• _Data provided_
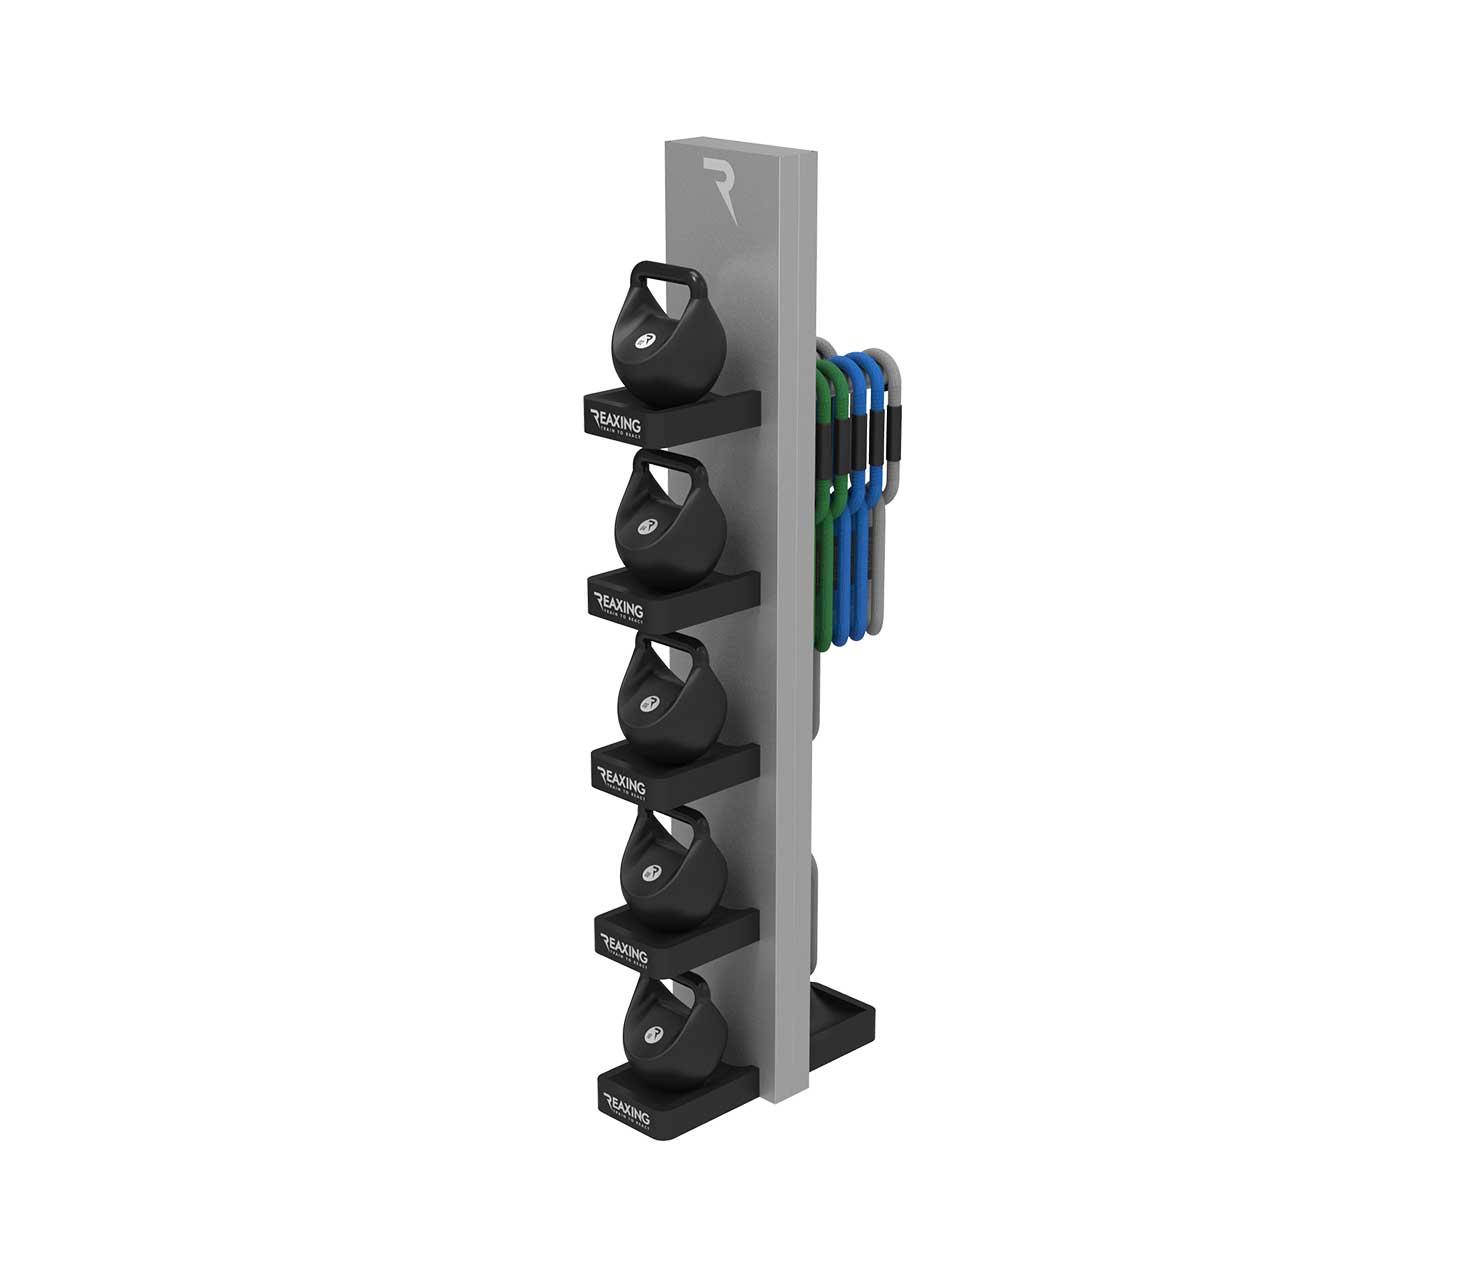 rx1405-reax-combo-vertical-storage-congig-3
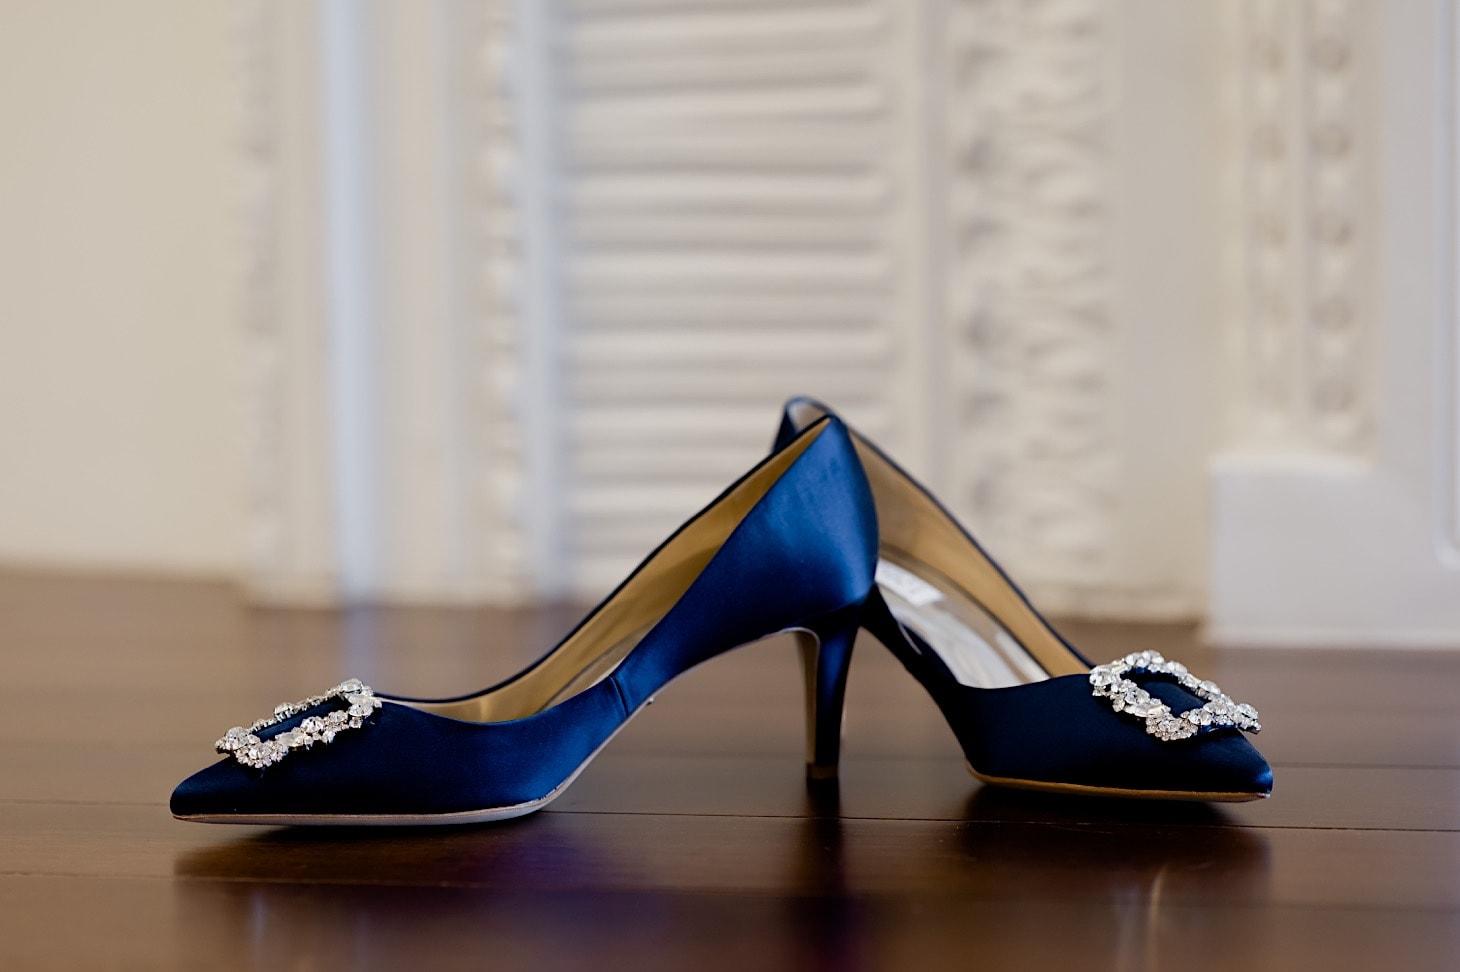 Bridal Shoes at Des Moines Tea Room
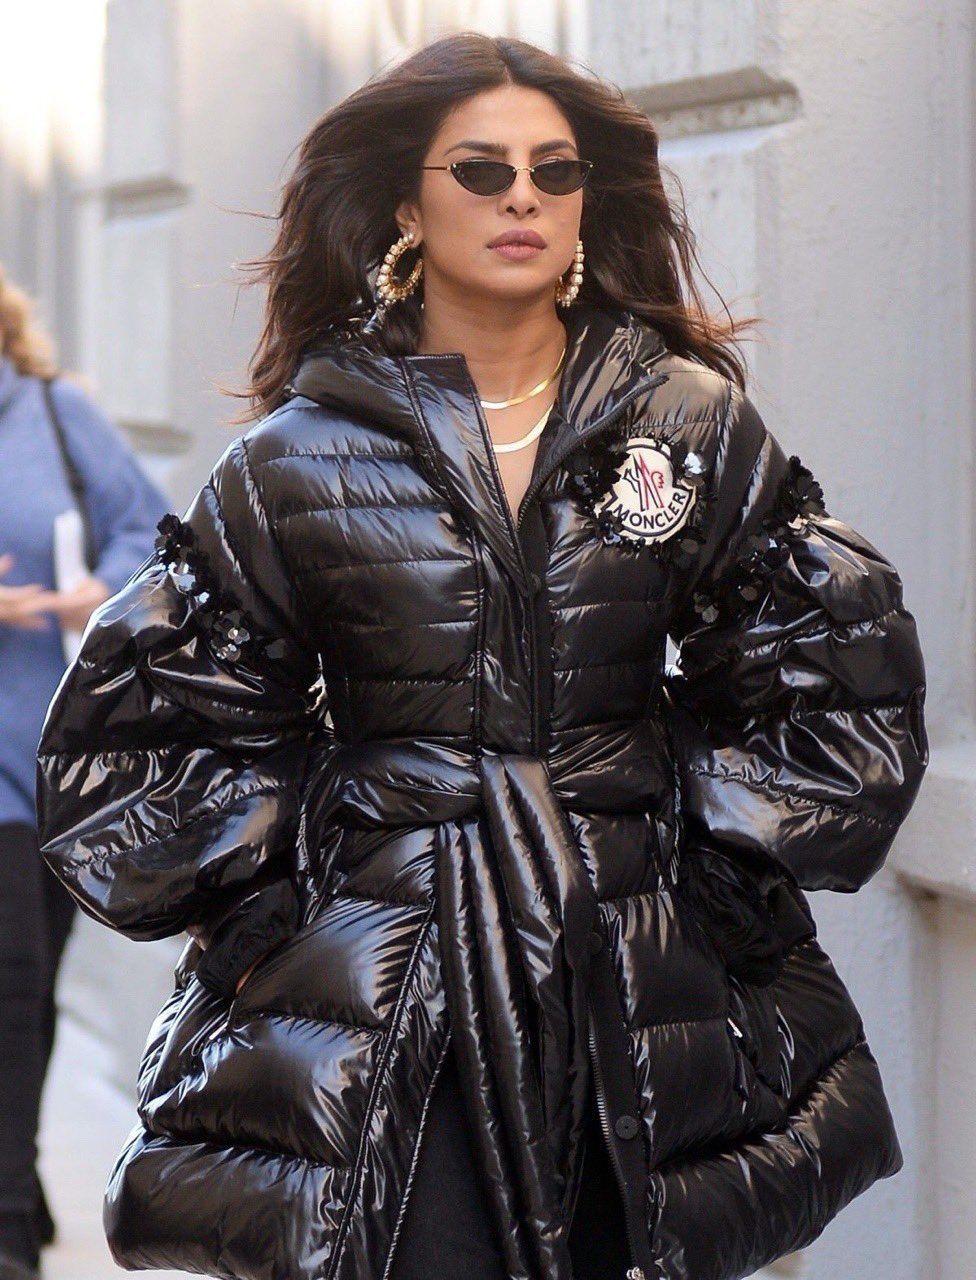 chrissykia in 2019 Fashion, Winter fashion, Moncler

• _Assigned task_
Only the lines from the line with "Bridal Shoes at Des Moines Tea Room" through the closing line of the data, both included, should be set down, exactly as written and without pictures.

• _Expected output_
 Bridal Shoes at Des Moines Tea Room
 chrissykia in 2019 Fashion, Winter fashion, Moncler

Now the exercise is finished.